RESULTS: Parieto-occipital injuries occurred commonly in patients with hypoglycemia and/or hypoxia-ischemia. Eighty-five of 99 (86%) patients with partial, prolonged hypoxia-ischemia exhibited the thalamus L-sign. This sign was also observed in patients who had both hypoglycemia and hypoxia-ischemia, predominantly attributable to the latter. Notably, the risk of a thalamus L-sign injury was 2.79 times higher when both the parietal and occipital lobes were injured compared with when they were not involved (95% CI, 1.25–6.23; P = .012). The thalamus L-sign was not depicted in patients with pure hypoglycemia.

CONCLUSIONS: We propose the thalamus L-sign as a biomarker of partial, prolonged hypoxia-ischemia, which is exaggerated in combined hypoglycemic/hypoxic-ischemic injury.

ABBREVIATIONS:

HGI
hypoglycemic injury
HIBI
hypoxic-ischemic brain injury

The MR imaging features of hypoglycemic injury (HGI) and hypoxic-ischemic brain injury (HIBI) are well-documented.

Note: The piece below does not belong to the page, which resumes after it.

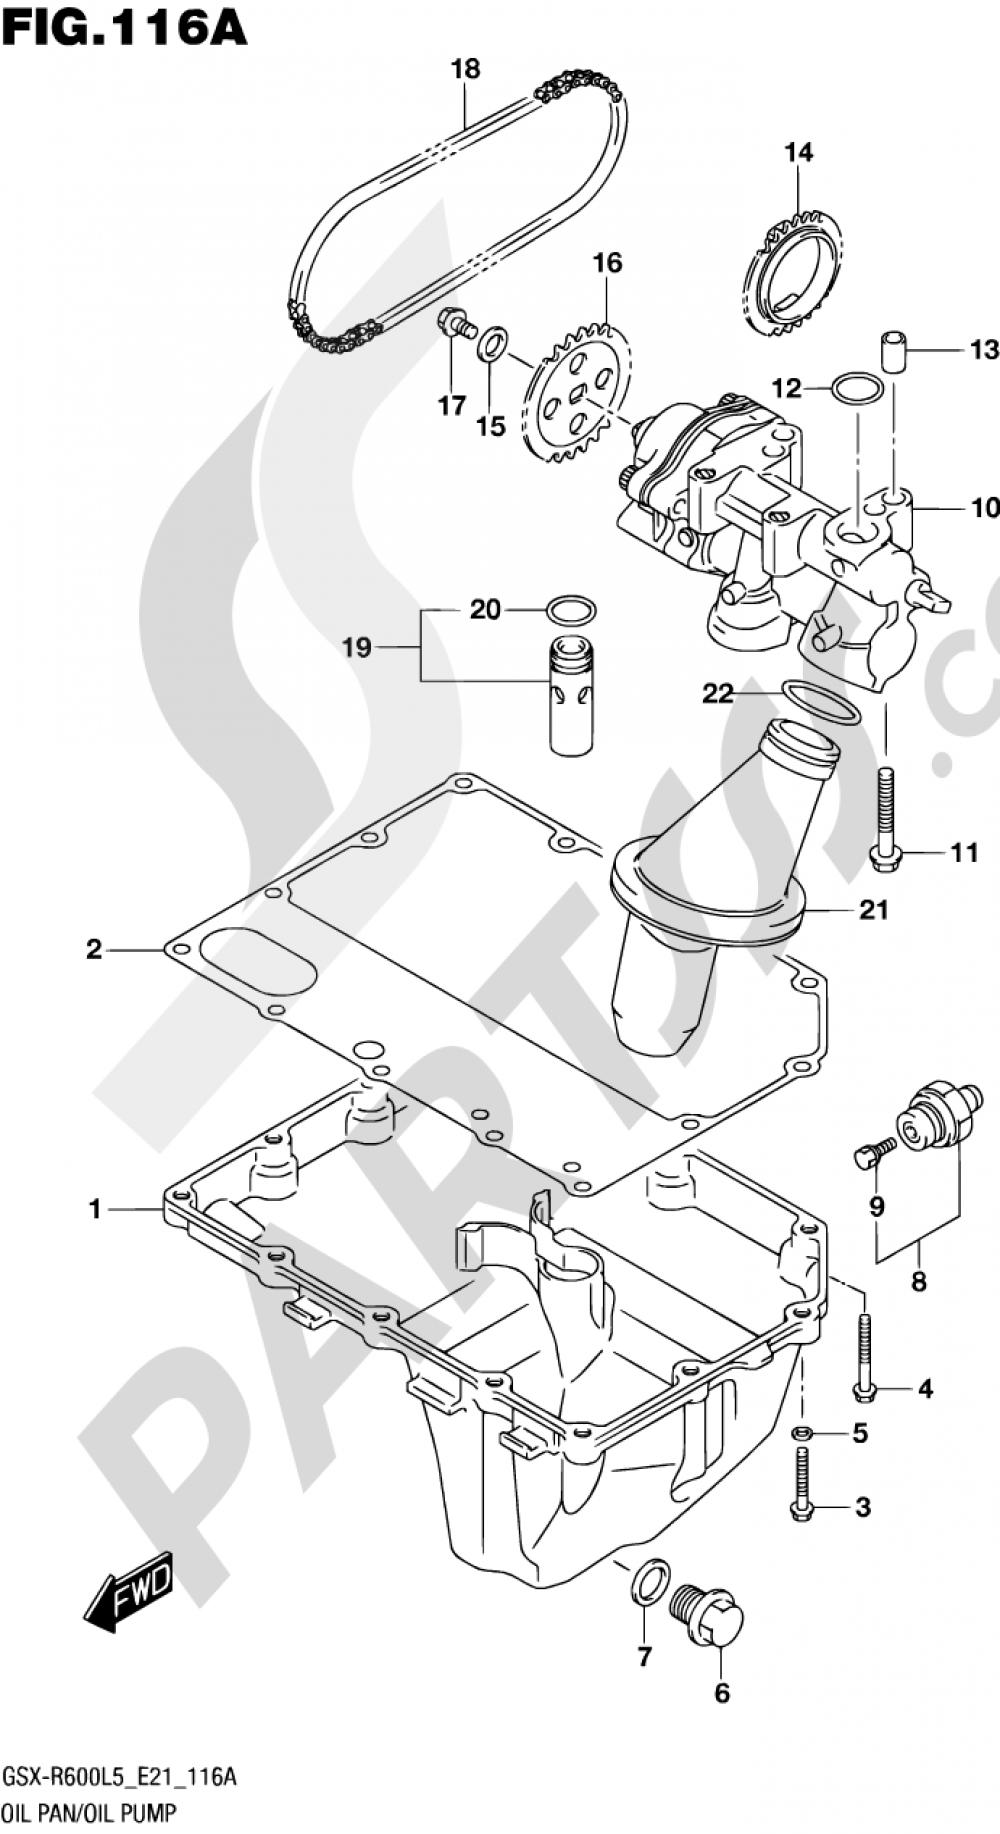 116A - OIL PAN/OIL PUMP Suzuki GSX-R600 2015

In pure HGI, without HIBI, some authors have demonstrated a posterior-predominant pattern of cerebral injury with a predilection for the occipital and parietal lobes.1-4 Other studies have noted that the pattern of HGI may be more widespread and not always limited to the parieto-occipital areas.5 In the partial, prolonged type of HIBI, destruction of the cortex typically involves the interarterial anterior, posterior, and peri-Sylvian watershed zones and the contiguous white matter.6-10 HIBI-associated thalamic injury has been less frequently described, and in this study, we attempted to investigate thalamic involvement in children with documented partial, prolonged HIBI, neonatal hypoglycemia, or combined hypoxic-ischemic and hypoglycemic injuries.

MATERIALS AND METHODS

MR imaging studies performed on 320 term neonates with suspected HIBI and/or HGI were analyzed for specific anatomic patterns of injury. The retrospective, multicenter nature of the study and the various clinical setups did not allow time standardization of imaging; all imaging occurred after the acute phase of injury. Imaging studies were conducted on 1.5T MR imaging scanners (Siemens). The sequences performed in all patients included sagittal T1-weighted volumetric: 1-mm-slice GE (TR/TE = 1900/2.95 ms), coronal volumetric inversion recovery: 1.1-mm-slice spin-echo (TR/TE = 4000/363 ms), axial T2-weighted, axial FLAIR, axial diffusion-weighted/ADC, coronal inversion recovery through the temporal lobes, axial susceptibility-weighted and coronal T2-weighted sequences were obtained in all patients. Ethics approval was obtained from University of KwaZulu-Natal (BREC00001036/2020).

After anonymization, images were reviewed by 2 radiologists (S.K.M. and J.W.L. with 15 and 30 years of experience in neuroradiology respectively), who were blinded to all patient data. Brain MR imaging findings were divided by consensus into 3 major study subgroups (Fig 1). The HIBI subgroup was categorized into 4 patterns; additionally, the partial prolonged HIBI group was further subdivided into 7 (Fig 1) watershed injury pattern subtypes. We noted 3 categories of thalamic involvement: posterolateral/pulvinar, atypical, and no thalamic injury. In particular, the first category referred to those patients with an injured pulvinar and the lateral margin of the thalamus abutting the posterior limb of the internal capsule. In patients with a documented central (basal ganglia–thalamus) pattern or mixed-type HIBI (with partial, prolonged, and central patterns), there is often ventral thalamic injury, usually of the ventral posterior lateral nuclei.6,9 In addition, assessment of the posterolateral aspect of the thalami is difficult in patients who have had multilobar cystic encephalomalacia with severe or total brain injury. Patients with these 3 patterns (central, mixed, and cystic encephalomalacia) of HIBI were excluded, as well as those with incomplete clinical information and poor-quality images.

FIG 1.
FIG 1.

Derivation of the 3 major study groups, the subgroups of HIBI, and the subtypes of watershed patterns of injury in patients who had partial, prolonged HIBI.

A separate cohort of 13 patients (uppermost in Fig 1) with documented neonatal hypoglycemia was evaluated for thalamic and cerebral injuries, to assess pulvinar and cortical, especially parieto-occipital, injury. Each of these 13 patients had a similar set of MR imaging sequences (as above). These studies were independently reviewed by S.K.M. and J.L.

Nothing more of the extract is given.